* Your task:
Look through the records below for the line with "Waldkauz, Jungvogel (Strix" and the line with "Cobra CXY900 Walkie", then return those lines and all lines between, exactly.

── Task data

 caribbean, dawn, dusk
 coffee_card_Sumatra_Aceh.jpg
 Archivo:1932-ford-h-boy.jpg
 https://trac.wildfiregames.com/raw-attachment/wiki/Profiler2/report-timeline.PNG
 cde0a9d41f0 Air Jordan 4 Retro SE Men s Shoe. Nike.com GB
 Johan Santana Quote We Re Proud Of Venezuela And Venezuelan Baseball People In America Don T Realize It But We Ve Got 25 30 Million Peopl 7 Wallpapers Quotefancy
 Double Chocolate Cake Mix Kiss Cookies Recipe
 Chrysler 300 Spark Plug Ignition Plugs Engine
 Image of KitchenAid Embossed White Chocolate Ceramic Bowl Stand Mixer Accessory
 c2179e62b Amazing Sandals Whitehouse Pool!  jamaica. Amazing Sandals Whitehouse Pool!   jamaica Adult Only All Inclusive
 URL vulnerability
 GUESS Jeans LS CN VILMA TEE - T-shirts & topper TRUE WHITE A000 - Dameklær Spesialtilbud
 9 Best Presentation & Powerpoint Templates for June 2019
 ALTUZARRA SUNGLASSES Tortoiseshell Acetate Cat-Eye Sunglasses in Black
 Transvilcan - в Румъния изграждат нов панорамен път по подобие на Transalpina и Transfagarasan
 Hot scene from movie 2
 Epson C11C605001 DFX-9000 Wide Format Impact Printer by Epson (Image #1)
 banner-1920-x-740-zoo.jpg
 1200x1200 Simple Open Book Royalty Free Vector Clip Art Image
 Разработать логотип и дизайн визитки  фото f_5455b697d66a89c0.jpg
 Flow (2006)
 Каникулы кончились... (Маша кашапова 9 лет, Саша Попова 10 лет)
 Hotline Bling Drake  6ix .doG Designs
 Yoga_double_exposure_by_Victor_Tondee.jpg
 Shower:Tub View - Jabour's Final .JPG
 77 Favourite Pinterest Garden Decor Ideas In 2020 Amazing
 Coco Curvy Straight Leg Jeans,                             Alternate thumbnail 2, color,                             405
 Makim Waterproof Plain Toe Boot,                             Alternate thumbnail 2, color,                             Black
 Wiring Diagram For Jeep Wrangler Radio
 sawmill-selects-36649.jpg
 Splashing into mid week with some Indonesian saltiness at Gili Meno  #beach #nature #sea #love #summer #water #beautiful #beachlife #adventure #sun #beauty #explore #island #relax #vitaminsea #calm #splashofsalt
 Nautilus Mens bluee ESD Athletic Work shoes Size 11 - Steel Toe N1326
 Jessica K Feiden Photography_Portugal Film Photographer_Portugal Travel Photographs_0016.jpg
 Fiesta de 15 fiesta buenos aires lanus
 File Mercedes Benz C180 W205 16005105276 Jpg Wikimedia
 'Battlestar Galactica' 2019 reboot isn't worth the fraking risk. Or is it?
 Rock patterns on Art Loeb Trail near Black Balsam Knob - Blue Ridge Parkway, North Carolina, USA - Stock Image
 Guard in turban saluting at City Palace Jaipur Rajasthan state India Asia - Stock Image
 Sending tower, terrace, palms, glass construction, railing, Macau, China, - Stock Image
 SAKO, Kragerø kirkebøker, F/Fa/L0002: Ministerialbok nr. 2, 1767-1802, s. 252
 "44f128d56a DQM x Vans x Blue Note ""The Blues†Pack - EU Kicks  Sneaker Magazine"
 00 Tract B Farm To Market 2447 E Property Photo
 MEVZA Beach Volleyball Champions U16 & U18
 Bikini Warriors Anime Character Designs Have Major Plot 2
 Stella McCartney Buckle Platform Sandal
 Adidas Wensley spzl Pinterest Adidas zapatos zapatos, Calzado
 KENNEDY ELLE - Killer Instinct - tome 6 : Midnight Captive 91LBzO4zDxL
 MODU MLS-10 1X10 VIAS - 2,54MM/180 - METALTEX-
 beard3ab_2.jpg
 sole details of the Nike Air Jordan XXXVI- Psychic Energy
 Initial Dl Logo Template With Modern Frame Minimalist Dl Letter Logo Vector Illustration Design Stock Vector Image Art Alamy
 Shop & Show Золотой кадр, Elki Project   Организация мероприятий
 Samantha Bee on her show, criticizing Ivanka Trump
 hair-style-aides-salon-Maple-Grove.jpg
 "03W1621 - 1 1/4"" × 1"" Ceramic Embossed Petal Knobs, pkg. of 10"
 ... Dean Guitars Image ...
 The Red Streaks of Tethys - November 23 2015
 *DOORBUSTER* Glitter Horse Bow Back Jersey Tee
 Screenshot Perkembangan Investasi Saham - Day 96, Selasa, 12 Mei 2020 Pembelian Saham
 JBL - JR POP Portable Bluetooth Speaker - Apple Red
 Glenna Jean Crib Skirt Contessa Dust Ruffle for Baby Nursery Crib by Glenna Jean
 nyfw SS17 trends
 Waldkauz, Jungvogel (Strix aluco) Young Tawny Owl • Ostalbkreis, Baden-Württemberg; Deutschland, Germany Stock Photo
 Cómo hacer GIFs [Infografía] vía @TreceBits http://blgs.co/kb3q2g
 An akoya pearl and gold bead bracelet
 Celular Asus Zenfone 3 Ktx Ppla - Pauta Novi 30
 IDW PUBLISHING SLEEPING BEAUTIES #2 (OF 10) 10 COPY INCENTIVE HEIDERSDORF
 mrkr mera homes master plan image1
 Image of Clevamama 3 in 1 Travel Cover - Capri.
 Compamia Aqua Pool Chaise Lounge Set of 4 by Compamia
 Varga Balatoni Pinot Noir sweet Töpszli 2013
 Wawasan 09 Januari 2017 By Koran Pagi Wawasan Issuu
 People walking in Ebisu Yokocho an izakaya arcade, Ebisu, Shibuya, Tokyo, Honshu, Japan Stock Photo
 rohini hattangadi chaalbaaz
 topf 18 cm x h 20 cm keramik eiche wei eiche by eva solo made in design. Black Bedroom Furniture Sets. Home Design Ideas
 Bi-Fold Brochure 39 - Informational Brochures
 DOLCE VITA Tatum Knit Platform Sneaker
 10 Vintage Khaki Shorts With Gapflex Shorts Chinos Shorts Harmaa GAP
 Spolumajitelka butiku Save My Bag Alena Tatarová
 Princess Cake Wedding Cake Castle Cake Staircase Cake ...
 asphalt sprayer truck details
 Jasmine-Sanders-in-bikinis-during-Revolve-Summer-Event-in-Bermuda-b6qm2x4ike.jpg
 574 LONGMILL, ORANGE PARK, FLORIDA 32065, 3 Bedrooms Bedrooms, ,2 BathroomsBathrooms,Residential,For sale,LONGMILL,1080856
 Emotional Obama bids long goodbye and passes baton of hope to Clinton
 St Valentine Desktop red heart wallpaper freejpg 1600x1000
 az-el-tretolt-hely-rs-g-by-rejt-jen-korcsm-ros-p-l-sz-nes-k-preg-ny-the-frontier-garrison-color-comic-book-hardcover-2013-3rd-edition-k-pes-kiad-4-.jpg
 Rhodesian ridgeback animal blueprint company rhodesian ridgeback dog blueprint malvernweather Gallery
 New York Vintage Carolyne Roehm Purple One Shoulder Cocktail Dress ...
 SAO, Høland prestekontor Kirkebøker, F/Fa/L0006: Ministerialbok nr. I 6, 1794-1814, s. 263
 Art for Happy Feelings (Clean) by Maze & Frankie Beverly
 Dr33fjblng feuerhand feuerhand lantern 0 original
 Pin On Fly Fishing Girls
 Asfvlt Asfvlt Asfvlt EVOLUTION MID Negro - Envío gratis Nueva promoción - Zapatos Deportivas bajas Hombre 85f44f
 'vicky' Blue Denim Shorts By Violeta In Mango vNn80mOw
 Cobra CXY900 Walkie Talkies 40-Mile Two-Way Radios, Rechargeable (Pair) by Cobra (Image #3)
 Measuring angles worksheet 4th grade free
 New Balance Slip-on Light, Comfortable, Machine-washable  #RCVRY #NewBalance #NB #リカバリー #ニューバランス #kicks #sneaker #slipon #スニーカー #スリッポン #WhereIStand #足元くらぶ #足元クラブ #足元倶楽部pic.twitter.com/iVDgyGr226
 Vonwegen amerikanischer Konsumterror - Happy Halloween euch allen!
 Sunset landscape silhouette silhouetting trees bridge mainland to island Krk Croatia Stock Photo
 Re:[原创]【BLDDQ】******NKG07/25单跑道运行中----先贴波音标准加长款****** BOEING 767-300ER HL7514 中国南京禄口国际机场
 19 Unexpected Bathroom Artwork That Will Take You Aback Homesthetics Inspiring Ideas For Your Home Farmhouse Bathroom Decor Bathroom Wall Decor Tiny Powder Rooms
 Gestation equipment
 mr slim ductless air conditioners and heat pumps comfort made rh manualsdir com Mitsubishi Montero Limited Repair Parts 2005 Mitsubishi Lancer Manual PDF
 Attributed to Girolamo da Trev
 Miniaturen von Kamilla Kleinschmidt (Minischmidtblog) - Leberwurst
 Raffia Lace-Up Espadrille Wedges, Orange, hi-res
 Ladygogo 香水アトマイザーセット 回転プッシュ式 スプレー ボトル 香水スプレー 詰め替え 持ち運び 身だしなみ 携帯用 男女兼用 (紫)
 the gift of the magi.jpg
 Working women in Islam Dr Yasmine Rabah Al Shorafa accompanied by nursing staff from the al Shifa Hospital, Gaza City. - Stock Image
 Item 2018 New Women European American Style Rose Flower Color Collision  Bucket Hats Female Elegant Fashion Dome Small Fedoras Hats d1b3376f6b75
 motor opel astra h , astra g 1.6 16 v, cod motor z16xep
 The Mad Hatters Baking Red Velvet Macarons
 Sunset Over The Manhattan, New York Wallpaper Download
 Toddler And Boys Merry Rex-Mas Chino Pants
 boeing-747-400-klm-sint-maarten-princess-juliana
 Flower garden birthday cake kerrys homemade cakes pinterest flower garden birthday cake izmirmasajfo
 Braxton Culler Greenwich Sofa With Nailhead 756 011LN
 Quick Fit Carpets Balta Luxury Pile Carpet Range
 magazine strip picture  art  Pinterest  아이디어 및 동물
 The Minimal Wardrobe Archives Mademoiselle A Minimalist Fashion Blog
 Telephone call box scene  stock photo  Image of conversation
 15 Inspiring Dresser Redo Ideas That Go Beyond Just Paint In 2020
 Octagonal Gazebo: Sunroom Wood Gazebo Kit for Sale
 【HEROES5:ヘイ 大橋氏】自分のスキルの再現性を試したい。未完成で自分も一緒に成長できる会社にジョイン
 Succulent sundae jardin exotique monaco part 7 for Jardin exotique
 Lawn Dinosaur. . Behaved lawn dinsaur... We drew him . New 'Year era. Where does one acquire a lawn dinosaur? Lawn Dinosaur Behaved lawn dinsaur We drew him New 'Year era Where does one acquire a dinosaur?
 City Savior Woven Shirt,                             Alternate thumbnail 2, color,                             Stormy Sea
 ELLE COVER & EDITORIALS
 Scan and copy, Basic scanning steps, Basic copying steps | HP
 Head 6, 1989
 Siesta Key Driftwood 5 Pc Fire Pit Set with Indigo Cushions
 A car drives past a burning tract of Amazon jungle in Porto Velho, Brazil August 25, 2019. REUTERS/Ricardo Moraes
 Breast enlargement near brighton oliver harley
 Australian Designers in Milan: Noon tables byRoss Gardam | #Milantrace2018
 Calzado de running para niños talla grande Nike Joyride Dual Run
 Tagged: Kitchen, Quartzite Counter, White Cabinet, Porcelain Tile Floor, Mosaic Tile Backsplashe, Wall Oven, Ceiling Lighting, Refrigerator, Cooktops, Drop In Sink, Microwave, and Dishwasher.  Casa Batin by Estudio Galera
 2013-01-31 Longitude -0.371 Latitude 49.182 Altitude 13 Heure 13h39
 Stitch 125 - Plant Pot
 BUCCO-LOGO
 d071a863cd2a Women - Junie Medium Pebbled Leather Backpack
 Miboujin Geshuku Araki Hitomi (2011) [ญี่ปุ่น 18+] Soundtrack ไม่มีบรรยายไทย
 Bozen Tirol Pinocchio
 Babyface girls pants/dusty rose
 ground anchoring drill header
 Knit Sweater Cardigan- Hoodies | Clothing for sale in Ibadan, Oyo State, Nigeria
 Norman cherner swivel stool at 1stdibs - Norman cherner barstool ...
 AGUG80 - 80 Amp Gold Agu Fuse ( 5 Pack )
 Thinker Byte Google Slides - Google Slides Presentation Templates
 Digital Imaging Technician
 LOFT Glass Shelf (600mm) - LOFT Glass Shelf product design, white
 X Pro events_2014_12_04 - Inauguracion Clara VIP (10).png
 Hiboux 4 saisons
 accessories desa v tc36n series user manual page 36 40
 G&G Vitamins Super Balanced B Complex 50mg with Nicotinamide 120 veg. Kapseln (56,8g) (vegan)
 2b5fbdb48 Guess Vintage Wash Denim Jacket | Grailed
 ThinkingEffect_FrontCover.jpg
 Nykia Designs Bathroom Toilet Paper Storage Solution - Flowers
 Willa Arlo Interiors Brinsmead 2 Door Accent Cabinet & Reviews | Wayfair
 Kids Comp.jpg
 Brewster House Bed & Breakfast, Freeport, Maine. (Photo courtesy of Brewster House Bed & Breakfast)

────

* Result for this exercise:
 Waldkauz, Jungvogel (Strix aluco) Young Tawny Owl • Ostalbkreis, Baden-Württemberg; Deutschland, Germany Stock Photo
 Cómo hacer GIFs [Infografía] vía @TreceBits http://blgs.co/kb3q2g
 An akoya pearl and gold bead bracelet
 Celular Asus Zenfone 3 Ktx Ppla - Pauta Novi 30
 IDW PUBLISHING SLEEPING BEAUTIES #2 (OF 10) 10 COPY INCENTIVE HEIDERSDORF
 mrkr mera homes master plan image1
 Image of Clevamama 3 in 1 Travel Cover - Capri.
 Compamia Aqua Pool Chaise Lounge Set of 4 by Compamia
 Varga Balatoni Pinot Noir sweet Töpszli 2013
 Wawasan 09 Januari 2017 By Koran Pagi Wawasan Issuu
 People walking in Ebisu Yokocho an izakaya arcade, Ebisu, Shibuya, Tokyo, Honshu, Japan Stock Photo
 rohini hattangadi chaalbaaz
 topf 18 cm x h 20 cm keramik eiche wei eiche by eva solo made in design. Black Bedroom Furniture Sets. Home Design Ideas
 Bi-Fold Brochure 39 - Informational Brochures
 DOLCE VITA Tatum Knit Platform Sneaker
 10 Vintage Khaki Shorts With Gapflex Shorts Chinos Shorts Harmaa GAP
 Spolumajitelka butiku Save My Bag Alena Tatarová
 Princess Cake Wedding Cake Castle Cake Staircase Cake ...
 asphalt sprayer truck details
 Jasmine-Sanders-in-bikinis-during-Revolve-Summer-Event-in-Bermuda-b6qm2x4ike.jpg
 574 LONGMILL, ORANGE PARK, FLORIDA 32065, 3 Bedrooms Bedrooms, ,2 BathroomsBathrooms,Residential,For sale,LONGMILL,1080856
 Emotional Obama bids long goodbye and passes baton of hope to Clinton
 St Valentine Desktop red heart wallpaper freejpg 1600x1000
 az-el-tretolt-hely-rs-g-by-rejt-jen-korcsm-ros-p-l-sz-nes-k-preg-ny-the-frontier-garrison-color-comic-book-hardcover-2013-3rd-edition-k-pes-kiad-4-.jpg
 Rhodesian ridgeback animal blueprint company rhodesian ridgeback dog blueprint malvernweather Gallery
 New York Vintage Carolyne Roehm Purple One Shoulder Cocktail Dress ...
 SAO, Høland prestekontor Kirkebøker, F/Fa/L0006: Ministerialbok nr. I 6, 1794-1814, s. 263
 Art for Happy Feelings (Clean) by Maze & Frankie Beverly
 Dr33fjblng feuerhand feuerhand lantern 0 original
 Pin On Fly Fishing Girls
 Asfvlt Asfvlt Asfvlt EVOLUTION MID Negro - Envío gratis Nueva promoción - Zapatos Deportivas bajas Hombre 85f44f
 'vicky' Blue Denim Shorts By Violeta In Mango vNn80mOw
 Cobra CXY900 Walkie Talkies 40-Mile Two-Way Radios, Rechargeable (Pair) by Cobra (Image #3)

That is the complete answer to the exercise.